Nevertheless, throughout this period, the Inca were not entirely suppressed. In the eighteenth century alone, there were fourteen large uprisings, the most important of which were that of Juan Santos Atahualpa in 1742, and the Sierra Uprising of Tupac Amaru II in 1780. The Comunero Revolt broke out in Paraguay from 1721 to 1732). In 1767, the Jesuits were expelled from the colony.
[edit] End of the Viceroyalty (1806-1824)
Viceroy José Fernando de Abascal y Sousa promoted educational reforms, reorganized the army, and stamped out local rebellions. During his administration, the Inquisition of Lima was temporarily abolished as a result of the reforms taken by the Cortes in Spain.

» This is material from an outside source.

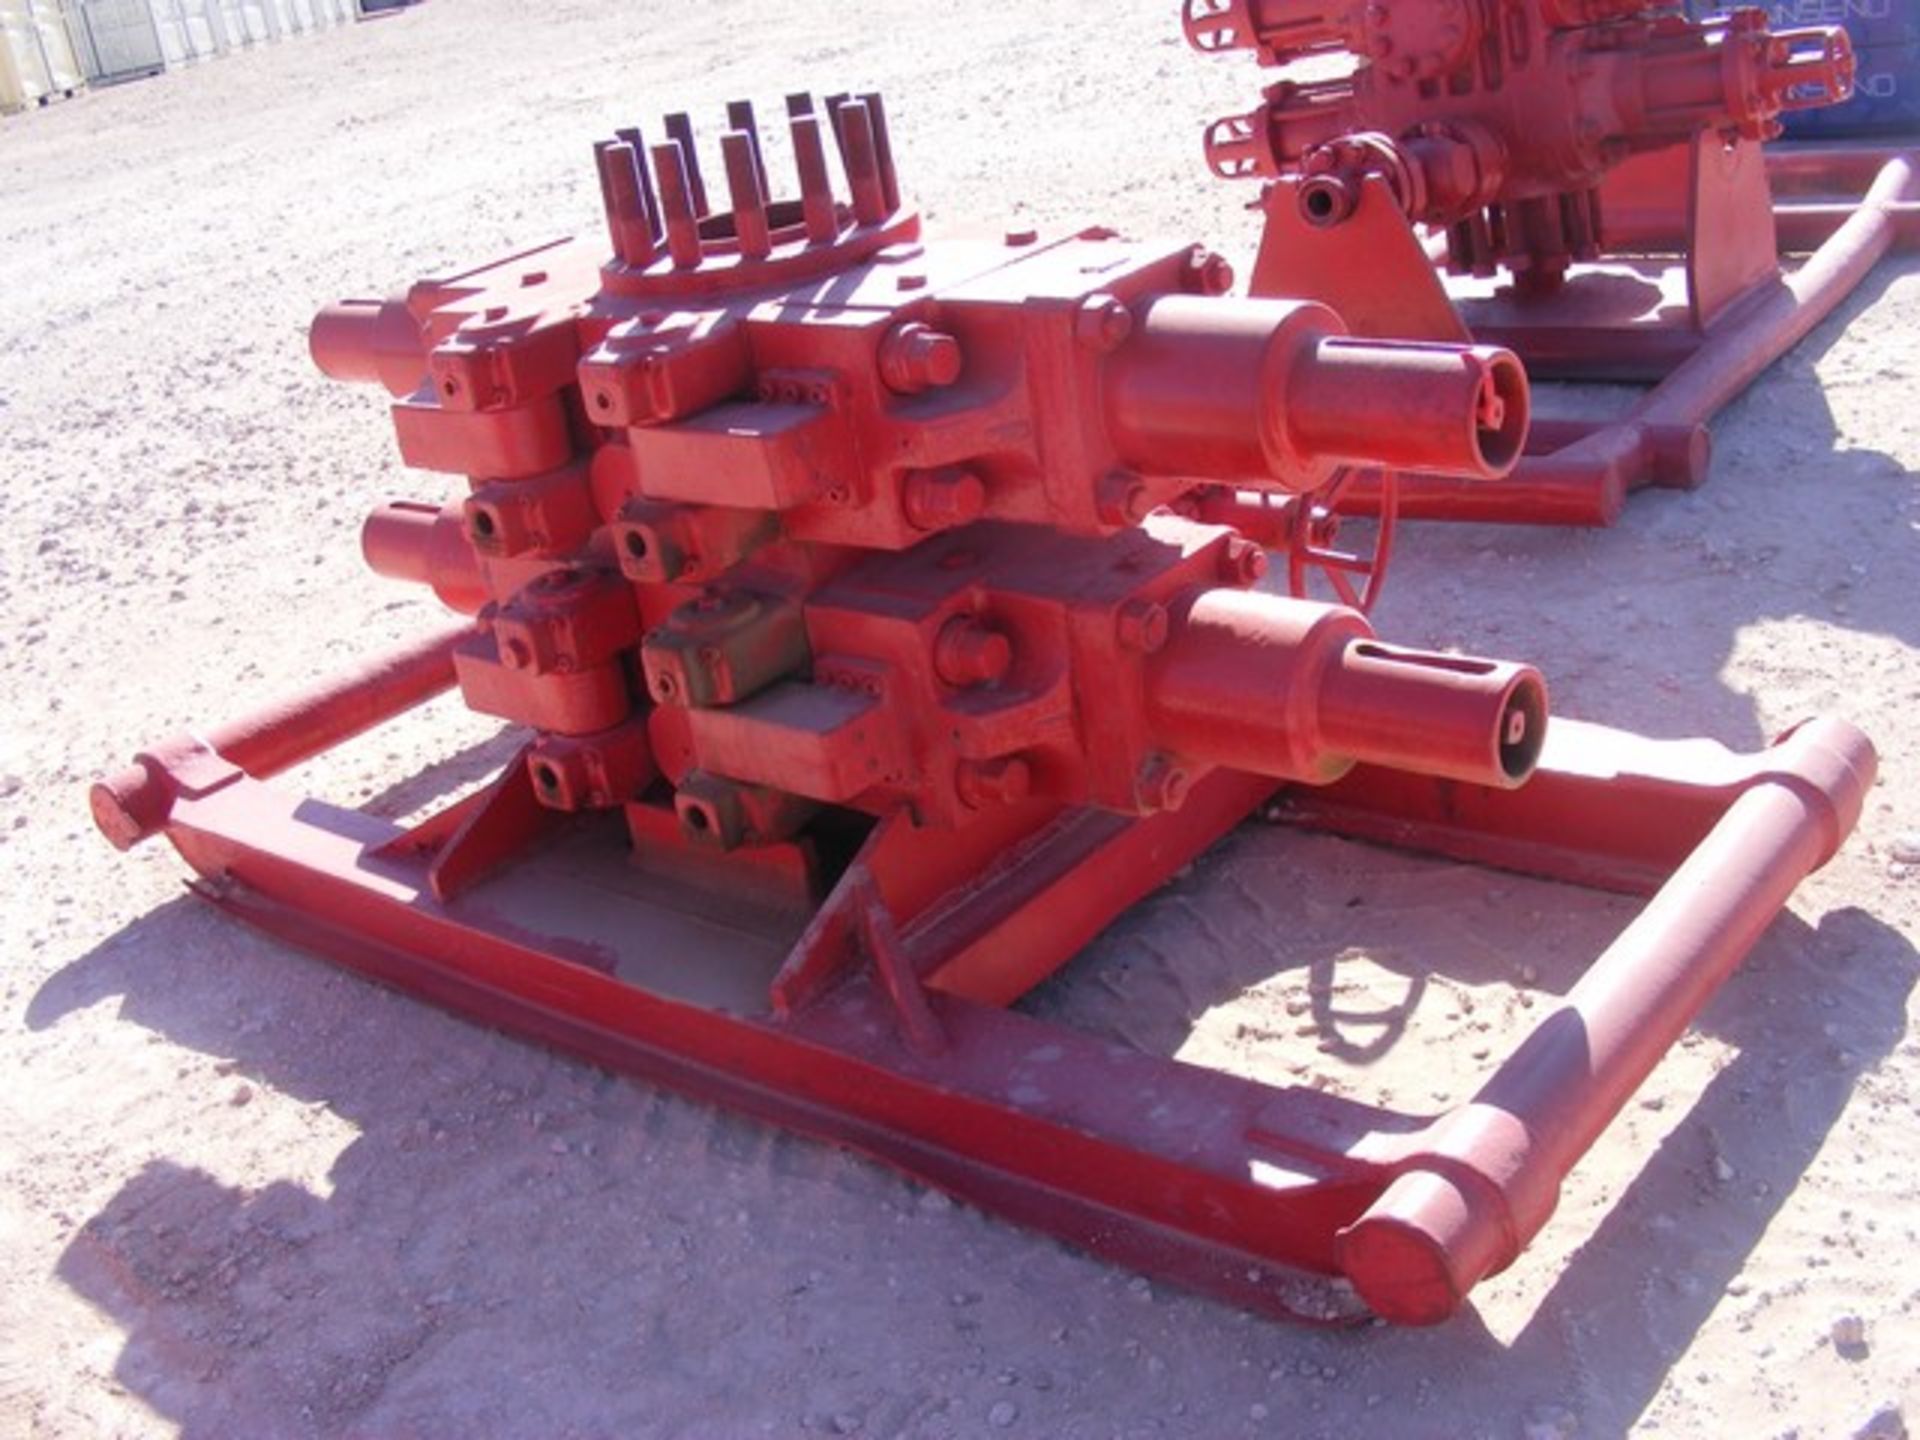 Located in YARD 1 - Midland, TX (2918) 7-1/16" 5K# HYDRIL DBL BOP W/ BOP STAND - Image 3 of 4

When the wars of independence broke out in 1810, Peru was the center of Royalist reaction. Abascal reincorporated the provinces of Córdoba, Potosí, La Paz, Charcas, Chile and Quito (Ecuador) into the Viceroyalty of Peru.
In 1812 occurred the great fire of Guayaquil that destroyed half the city.
Lord Thomas Cochrane, in comand of the newly created Chilean Navy, unsuccessfully attacked Guayaquil and El Callao, but on 4 February he captured Valdivia, called at the time The Key of the South Seas and the Gibraltar of the Pacific, due to its huge fortifications. However the viceroyalty managed to defend Chiloé Island until 1826.
On September 8, 1820, the Expedición Libertadora of Peru, organized in Chile, landed on the beach at Paracas, near the city of Pisco, Peru. The army was under the command of José de San Martín. After fruitless negotiations with the viceroy, San Martín occupied the Peruvian capital of Lima on July 21, 1821. The independence of Peru was proclaimed on July 28, 1821. Viceroy José de la Serna e Hinojosa, still in command of a sizable military force, retired to Jauja, and later to Cusco.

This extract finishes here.